Trace: the end-to-end view of one request. When a user clicks "Buy", a trace records: API gateway (10ms), Order service (50ms), Inventory service (30ms), Payment service (200ms), Notification service (20ms) — with their relationships (parent-child), timing, and outcomes. Components: Trace: the entire DAG of spans for one request. Identified by trace ID (16 bytes, globally unique). Span: a named, timed operation. Has: span ID, parent span ID, start time, duration, status (OK/ERROR), attributes (key-value). Root span: the first span, with no parent. Spans form a tree showing the call hierarchy. OpenTelemetry: the CNCF standard for trace instrumentation. SDK auto-instruments HTTP, gRPC, DB calls in many frameworks.
2 / 5
What is context propagation in distributed tracing?

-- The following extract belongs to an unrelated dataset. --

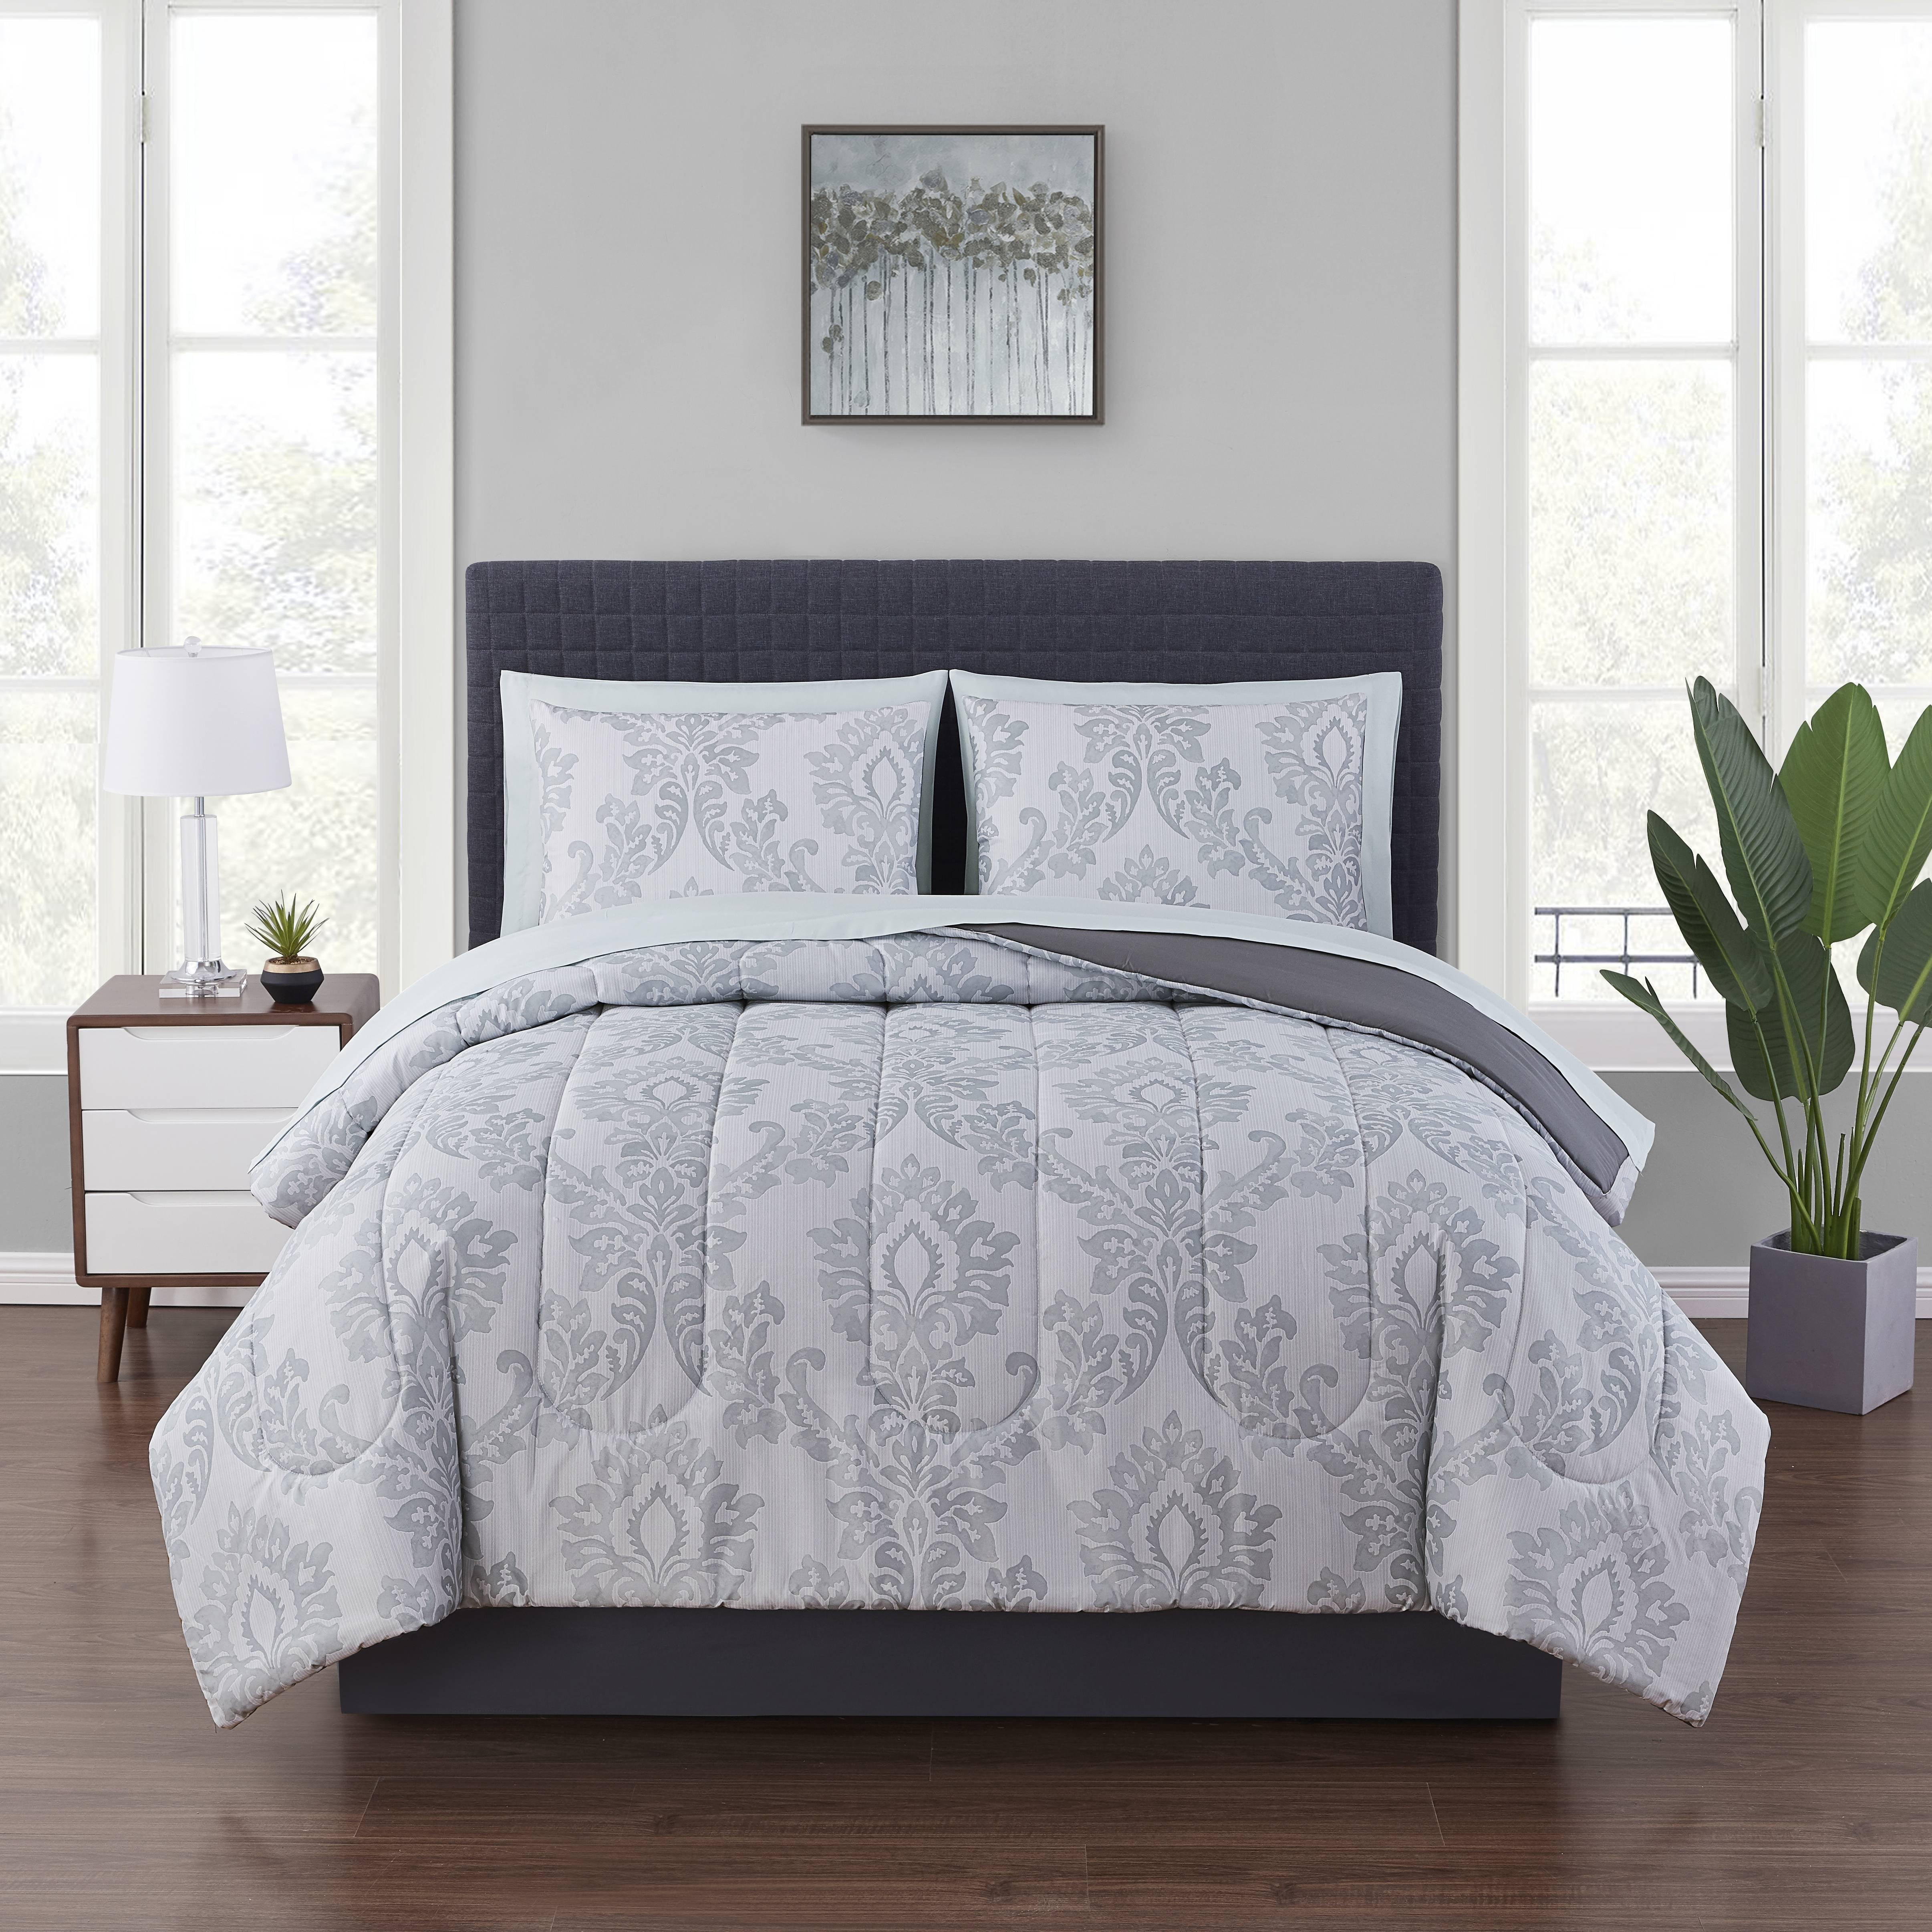 Mainstays Gray Pinstripe Damask 8 Piece Bed In A Bag Bedding Set With Sheet Set Queen Walmart Com Walmart Com

Context propagation: the mechanism that ties together all the spans from different services into one trace. Standards: W3C Trace Context (RFC 9209): traceparent: 00-4bf92f3577b34da6a3ce929d0e0e4736-00f067aa0ba902b7-01 format: version-traceID-parentSpanID-flags. Now the recommended standard. B3 (Zipkin): X-B3-TraceId, X-B3-SpanId, X-B3-Sampled headers. Still widely used. Application responsibility: HTTP frameworks auto-inject/extract headers (if instrumented). For async (Kafka messages, SQS), embed trace context in message headers. The critical failure mode: a service receives traceparent, processes the request, makes downstream calls — but forgets to forward the header. The trace breaks. The downstream spans have a new trace ID. Root cause: missing header propagation in one service.
3 / 5
What is sampling in distributed tracing and why is it necessary?
Sampling: at 10,000 RPS recording every trace produces 864M traces/day. Impossible to store and process. Sampling strategies: Head-based (probabilistic): decision made at request entry. 1% or 5% of requests traced. Simple. Misses rare errors. Tail-based: collect all spans temporarily; after the request completes, decide to keep it based on outcome (error, slow). Captures 100% of errors even at 0.1% base sampling. More complex — requires buffering. Rate limiting: keep N traces/second regardless of load. Adaptive: lower sampling during high load. OpenTelemetry sampler config: ParentBased (respect upstream sampling decision), TraceIdRatioBased (probabilistic), AlwaysOn/AlwaysOff. Honeycomb, Lightstep: support tail-based sampling. Jaeger: configurable sampling per service.
4 / 5
What are span attributes and what should they contain?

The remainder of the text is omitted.